Gathered Spring Salsa Verde
We are still very much in the hungry gap. It might feel like the weather is gradually warming up, but it will still take a good few weeks for the hundreds of seedlings we’re planting out to start producing bountiful harvests. At this time of year we’re highly reliant on overwintered crops (leeks, kale, chard to name a few) and perennial crops (rhubarb, babington leek, wild garlic and nettles). This recipe created by Claire makes the best of the latter.
Makes approx 500ml
2 big handfuls of nettle tips
1 babington leek, the green part only
4-5 sprigs mint
1 bunch three-cornered leek leaves
2 chard leaves, with the stalk removed
zest of 1/2 a lemon
½ tsp salt
100g toasted pumpkin seeds
150ml olive oil
Reserved nettle water
Start off by toasting your pumpkin seeds in a dry frying pan over a medium heat, until they are starting to colour. Take off the heat and set aside to cool (if they are getting too dark, pour them into a cold bowl or dish.
Place your washed nettle and leek tops in a heat proof bowl and pour boiling water over them. Stir the greens for around 30 seconds, scoop the greens out into a blender, or a deep bowl if you are using a hand blender. Keep the nettle water.
Wash the mint and add the leaves to the blender along with the three-cornered leek and chard leaves.

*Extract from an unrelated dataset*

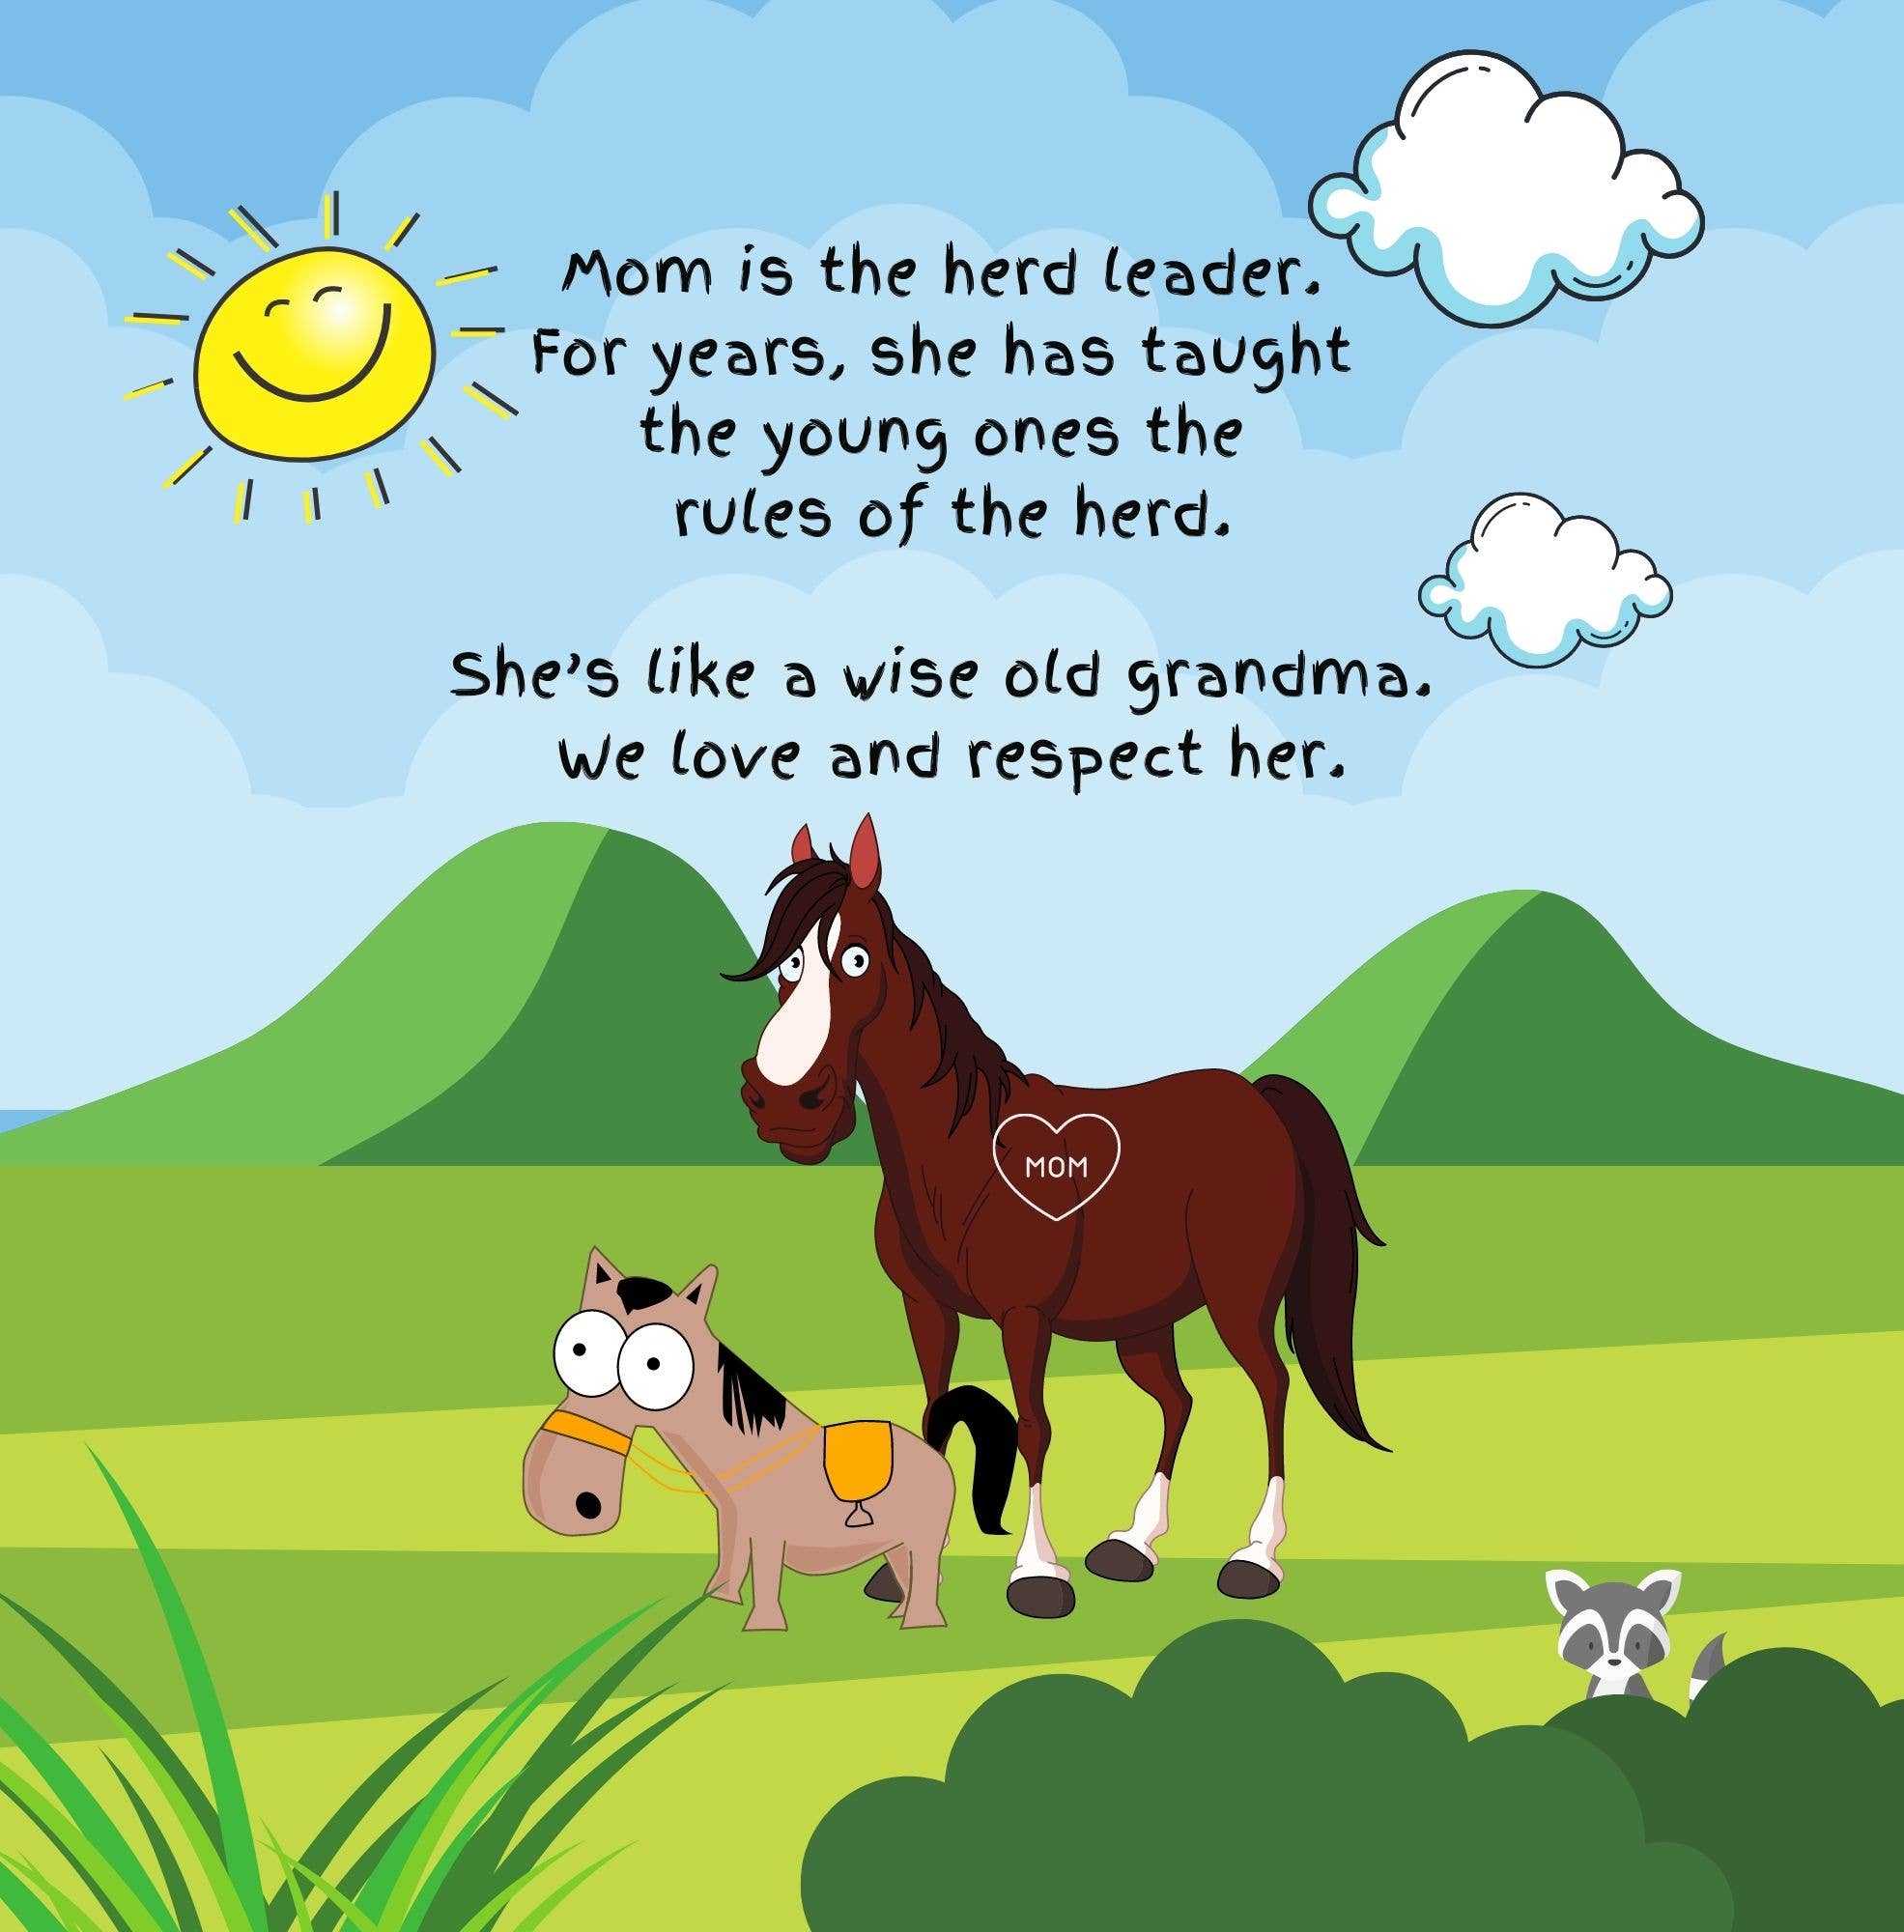 Lessons From Pete the Pony, Meet the Herd

Add the salt, lemon zest and tbsp of oil to the blender and blend until the greens are roughly chopped.
Add in the cooled toasted pumpkin seeds and most of the olive oil and blend. You don't want a completely smooth paste. Stop and scrape down the edge of the bowl occasionally.
When you are happy with your texture, put into a bowl. Add around 150ml of the reserve nettle water and stir with a spatula to loosen up the salsa.
Season to your taste. Scoop into a jar and pop in the fridge.
We served roasted carrots with a few tablespoons of the salsa verde and some wild garlic flowers, but you could also stir through pasta, use it as a spread in a sandwich or add some to mayo to dip your chips in!